By the time of the events of the manga, the City has basically become a series of layered, concentric Dyson spheres filled with haphazard architecture, largely devoid of life. These layers compose the supporting scaffold of the City, known as the Megastructure. The Megastructure is extremely durable, with only a direct blast from a Gravitational Beam Emitter being able to drill through it. In addition, the underside of each Megastructure layer periodically illuminates the overside of the one below to provide a day–night cycle. Traveling between layers is generally challenging due to the City's chaotic layout and the dangerous Safeguard response such endeavor may cause, with the means to do so being either climbing stairs for days or taking elevators that reach relativistic speeds.
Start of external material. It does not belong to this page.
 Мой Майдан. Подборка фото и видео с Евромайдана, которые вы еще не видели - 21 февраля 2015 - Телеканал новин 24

The buildings on each layer are largely uninhabited, although scattered human tribes, rogue Builders, and hostile Safeguards and Silicon Life can be found throughout the entire City.

Plot

Killy, a silent loner possessing an incredibly powerful weapon known as a Gravitational Beam Emitter, wanders a vast technological world known as "The City". He is searching for Net Terminal Genes, a (possibly) extinct genetic marker that allows humans to access the "Netsphere", a sort of computerized control network for The City. The City is an immense volume of artificial structure, separated into massive "floors" by nearly-impenetrable barriers known as "Megastructure". The City is inhabited by scattered human and transhuman tribes as well as hostile cyborgs known as Silicon Life. The Net Terminal Genes appear to be the key to halting the unhindered, chaotic expansion of the Megastructure, as well as a way of stopping the murderous robot horde known as the Safeguard from destroying all of humanity.
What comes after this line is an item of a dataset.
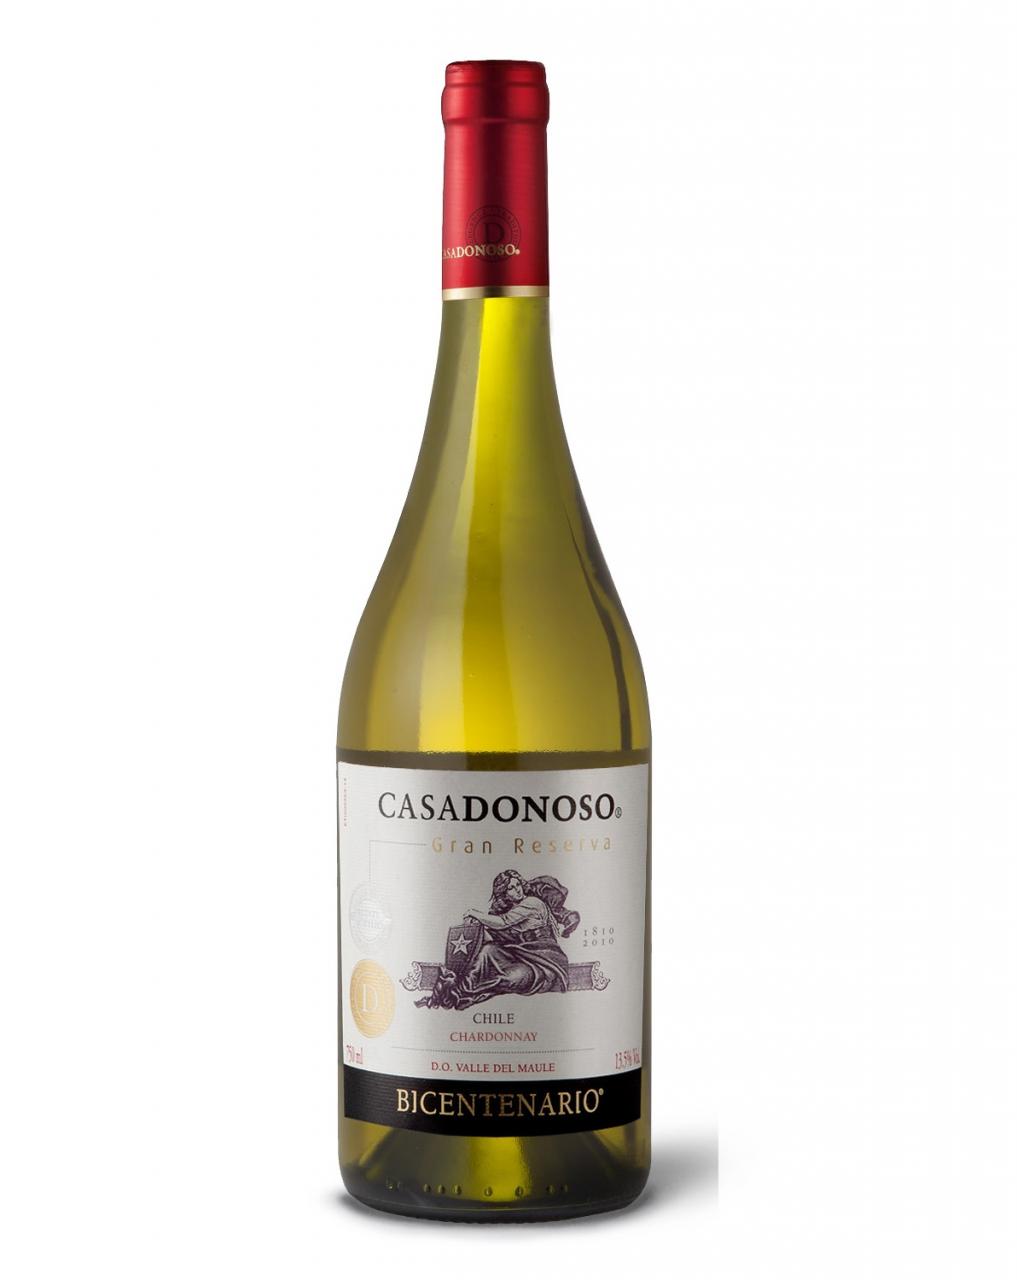 Vang Chile Casadonoso Gran Reserva Chardonnay

Along the way, Killy meets and joins forces with a resourceful engineer named Cibo. Their quest is indirectly supported by the City's Authority, which is unable to stop the Safeguard from opposing them. Together, Killy and Cibo meet a young girl named Sanakan and a tribe of human warriors called the Electro-Fishers. Killy's cybernetic abilities are restored after he is attacked by a high-level Safeguard, which turns out to have been Sanakan in disguise. She transforms into her Safeguard form and attacks the Electro-Fishers' village when discovered. Killy and Cibo defend the Electro-Fishers by bringing them to the cylindrical megastructure of Toha Heavy Industries. Here they meet Mensab, an AI independent from the Administration, and her guardian Seu, a human. The megastructure is ultimately destroyed due to attacks by Silicon Life and Sanakan, but Mensab is able to give Cibo a sample of Seu's DNA.

Killy and Cibo next come to a region of the City ruled by a group of Silicon Life, where they ally with a pair of "provisional Safeguards" named Dhomochevsky and Iko. Seu's DNA is stolen by the Silicon leader, Davine, who uses it to access the Netsphere. Dhomochevsky sacrifices his life to kill Davine, but not before she downloads an extremely powerful Level 9 Safeguard from the Netsphere which manifests in Cibo's body. The Cibo Safeguard destroys the entire region.
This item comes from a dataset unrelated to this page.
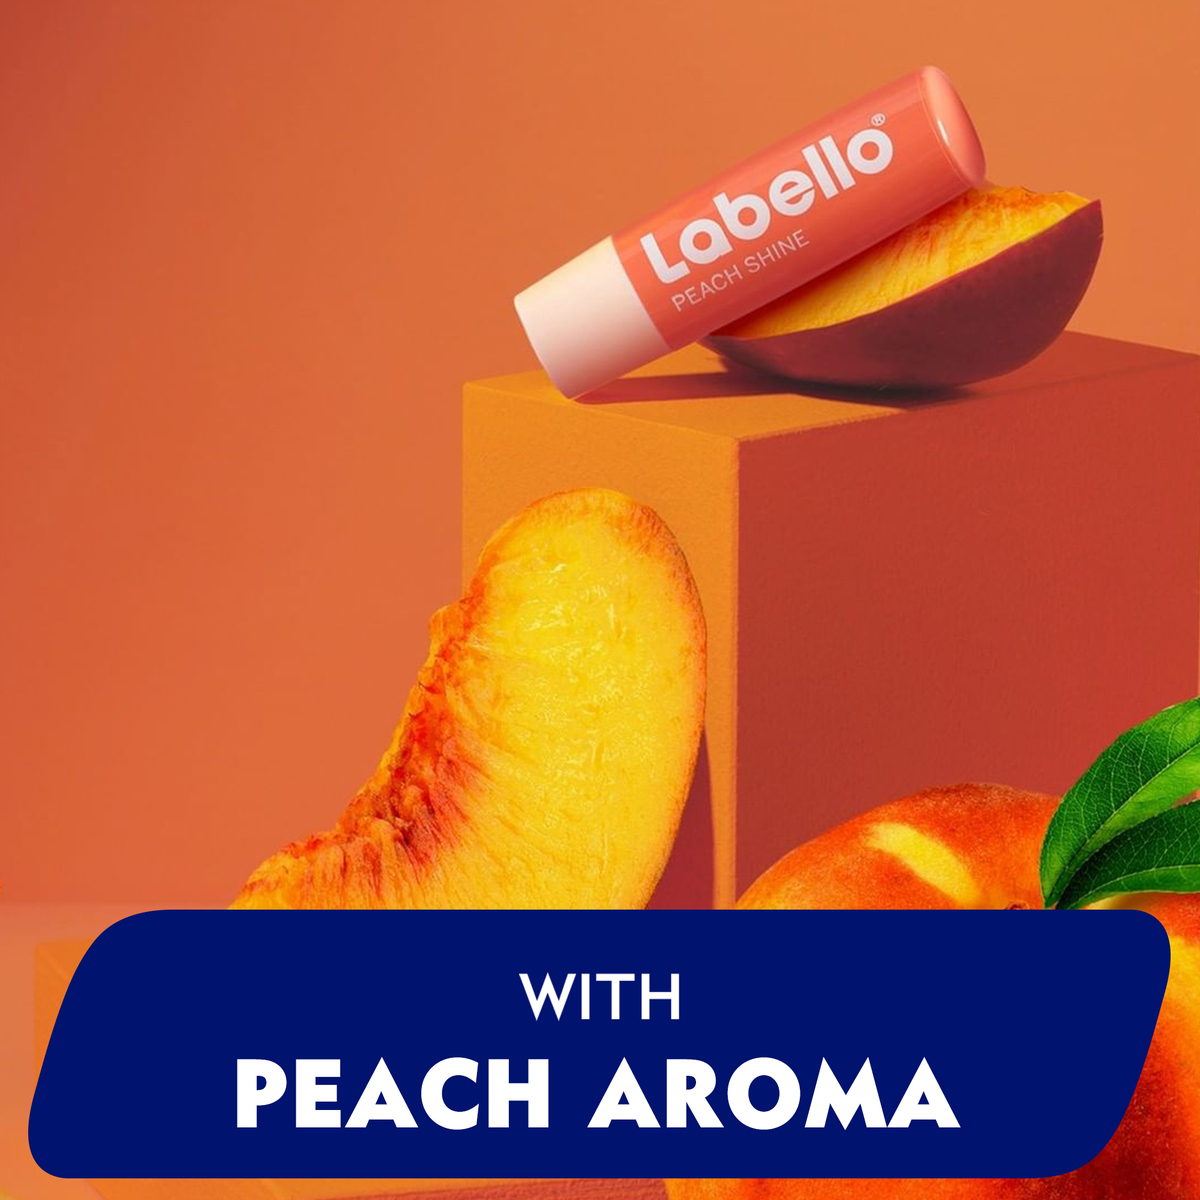 Labello Lip Balm Peach Shine 4.8 g

14 years later, Killy's body repairs itself from the attack and he continues his journey. He discovers that Cibo, having lost her memory, was eventually rescued by Sanakan, who is now allied with the Authority against the rest of the Safeguard. Cibo's body is incubating a "sphere" which contains her genetic information. Ultimately, Cibo and Sanakan both die in a final confrontation with the Safeguard, but Killy survives and preserves the sphere. An AI he previously met whose body was destroyed is seen in a virtual reality, recalling his quest an unknown amount of time later. Killy finally reaches the edge of the City, where he is shot in the head and incapacitated, but a flood of water carries him to the surface of the City where stars are visible and the sphere begins to hatch. In the final page, Killy is seen fighting in the corridors of the City again, now accompanied by a small child wearing a hazmat suit.

Media

Manga
Blame! was written and illustrated by Tsutomu Nihei. The series ran in Kodansha's Monthly Afternoon from 1997 to 2003. Its chapters were collected in ten tankōbon volumes (tankōbon) by Kodansha's Afternoon KC imprint. 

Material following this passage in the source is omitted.